WHAT TO WORK ON: Take the entries below and reproduce exactly the portion that begins at the line containing "Village weaver Ploceus" and ends at the line containing "Elements Garden ©", keeping both ends, dropping pictures, and adding nothing else.

GIVEN RECORDS:
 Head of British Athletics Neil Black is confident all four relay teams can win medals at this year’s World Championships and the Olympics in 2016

...

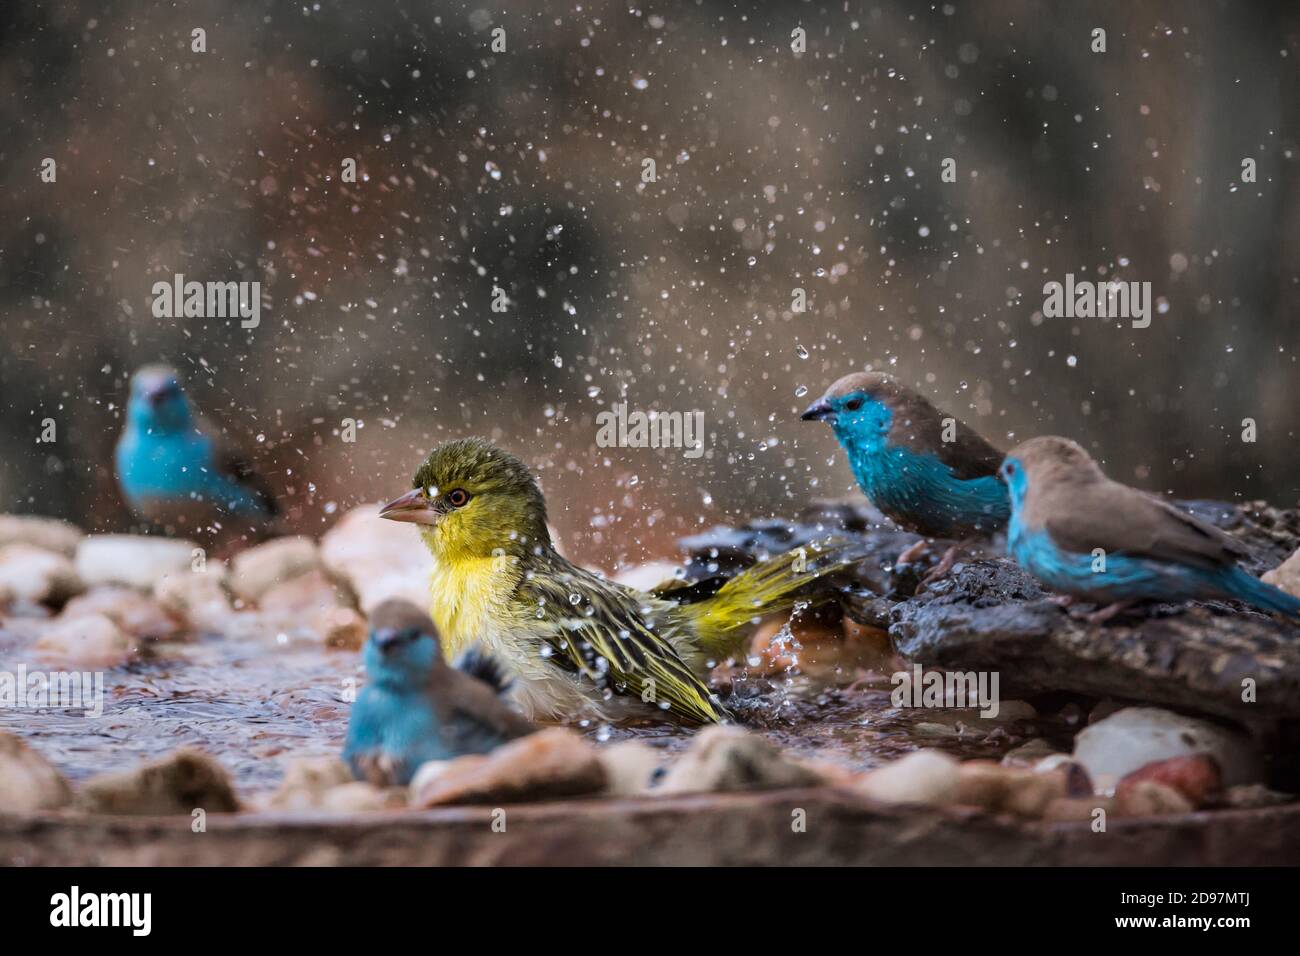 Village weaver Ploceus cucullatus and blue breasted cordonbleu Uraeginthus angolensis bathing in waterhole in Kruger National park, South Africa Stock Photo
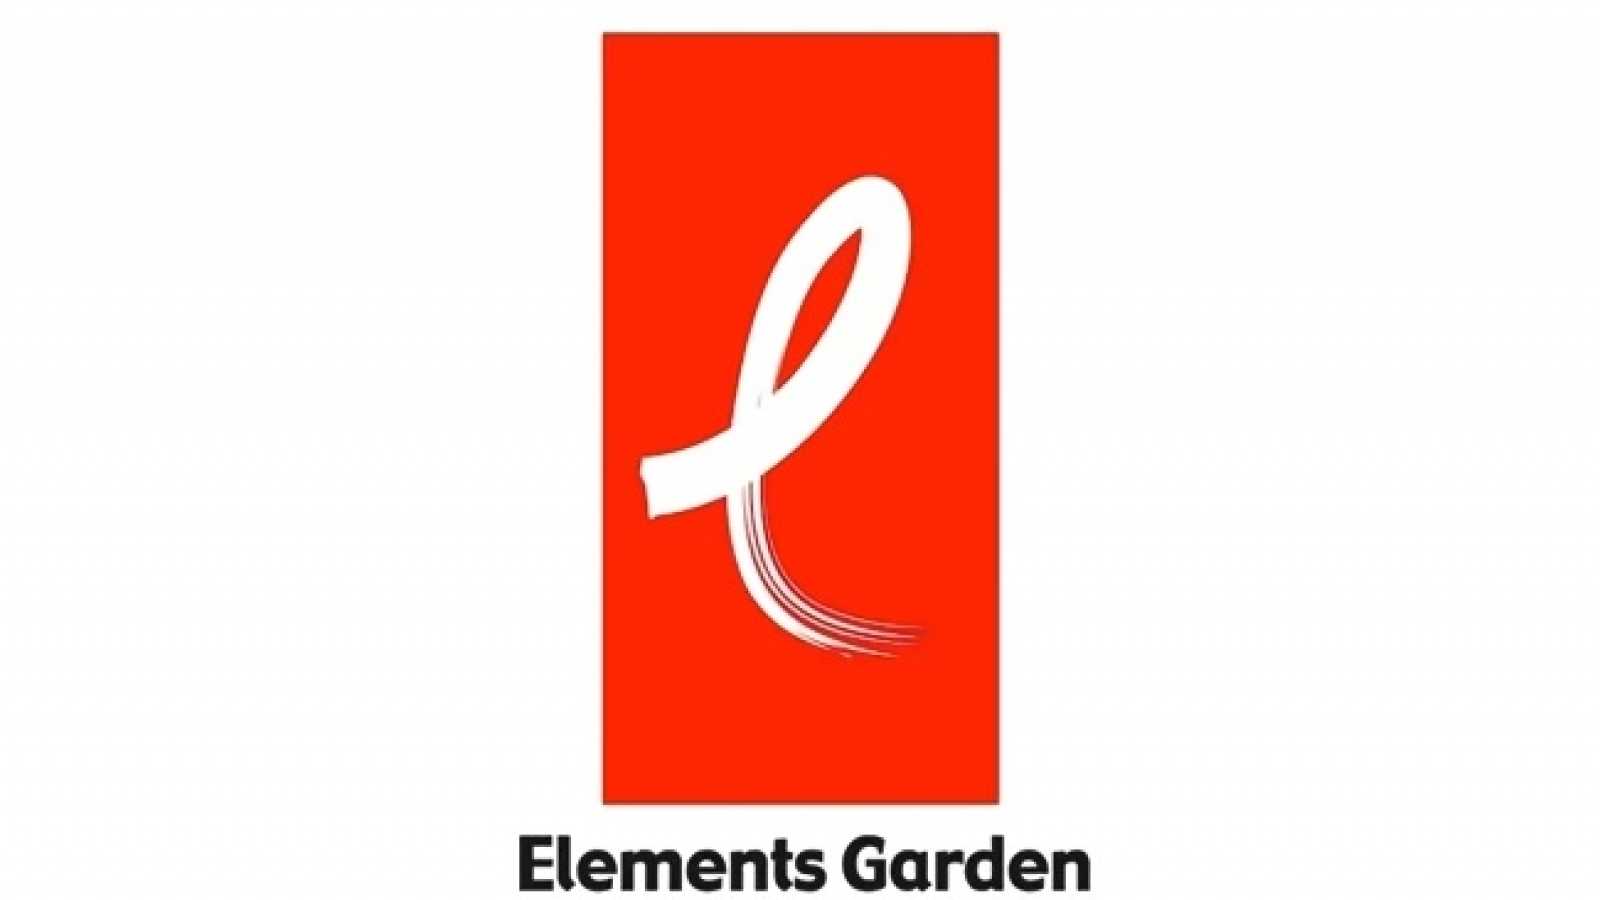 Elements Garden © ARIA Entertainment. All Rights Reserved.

* * *

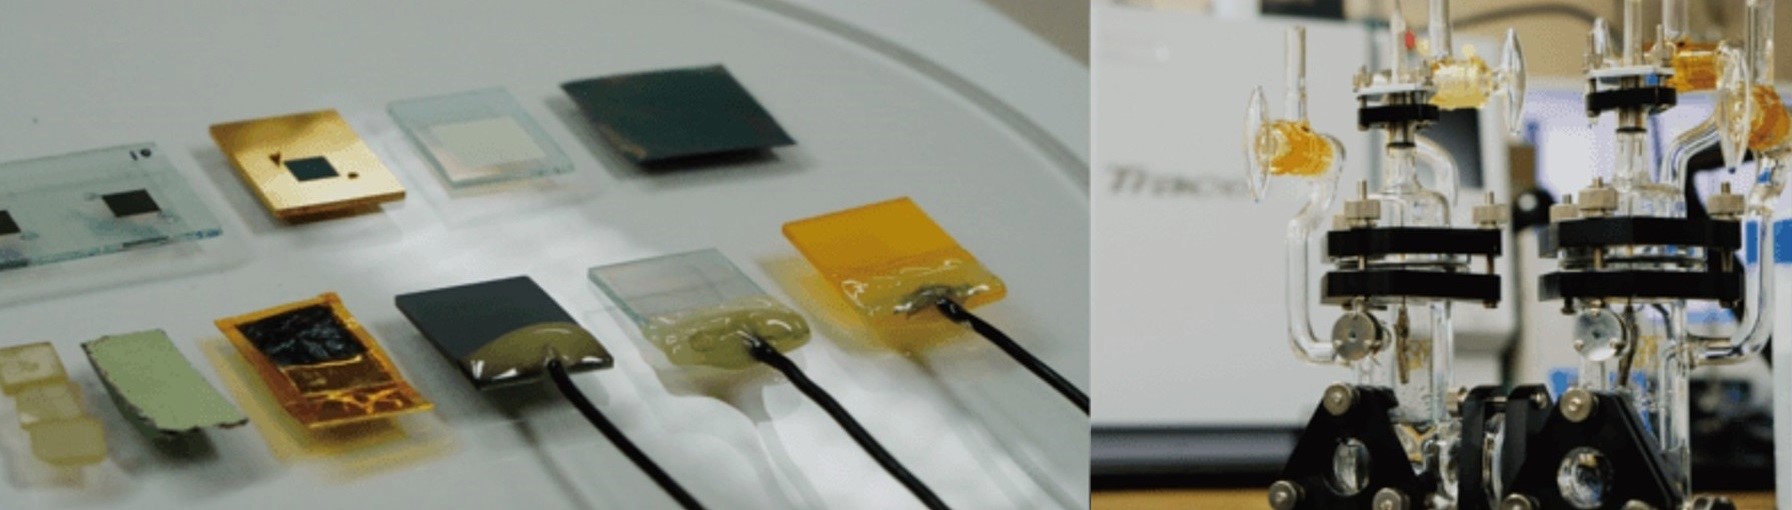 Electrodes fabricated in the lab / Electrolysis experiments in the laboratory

RESULT BELOW:
 Village weaver Ploceus cucullatus and blue breasted cordonbleu Uraeginthus angolensis bathing in waterhole in Kruger National park, South Africa Stock Photo
 Elements Garden © ARIA Entertainment. All Rights Reserved.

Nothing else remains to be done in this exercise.